- **What this task involves**: Set down the data again word for word. Skip any pictures.

- **Dataset section**:
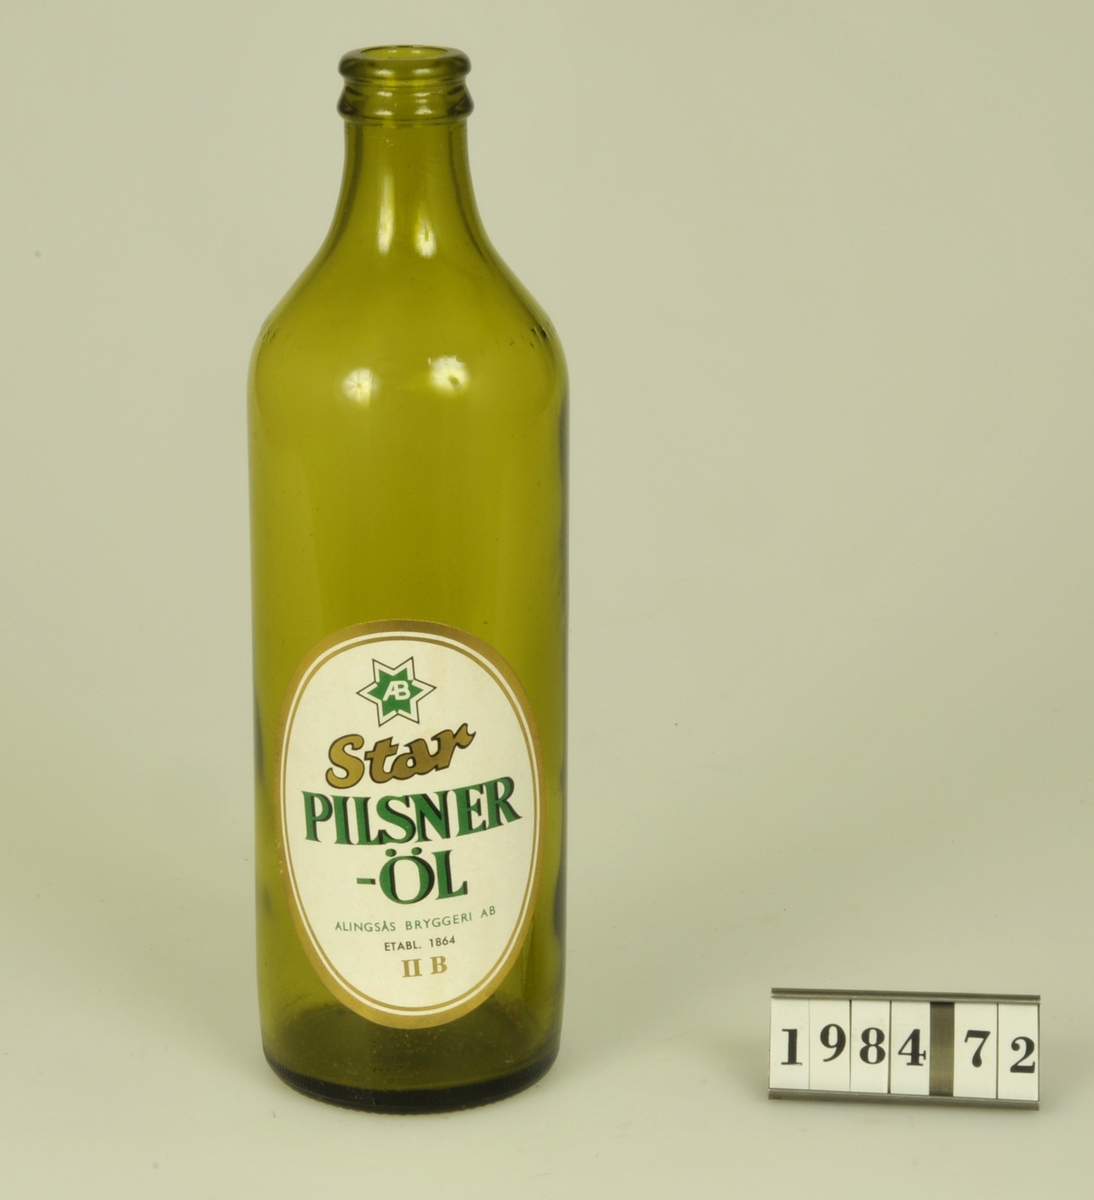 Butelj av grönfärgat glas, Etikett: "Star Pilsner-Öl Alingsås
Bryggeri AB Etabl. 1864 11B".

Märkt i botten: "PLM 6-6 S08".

- **Solution to this task**:
 Butelj av grönfärgat glas, Etikett: "Star Pilsner-Öl Alingsås
Bryggeri AB Etabl. 1864 11B".

Märkt i botten: "PLM 6-6 S08".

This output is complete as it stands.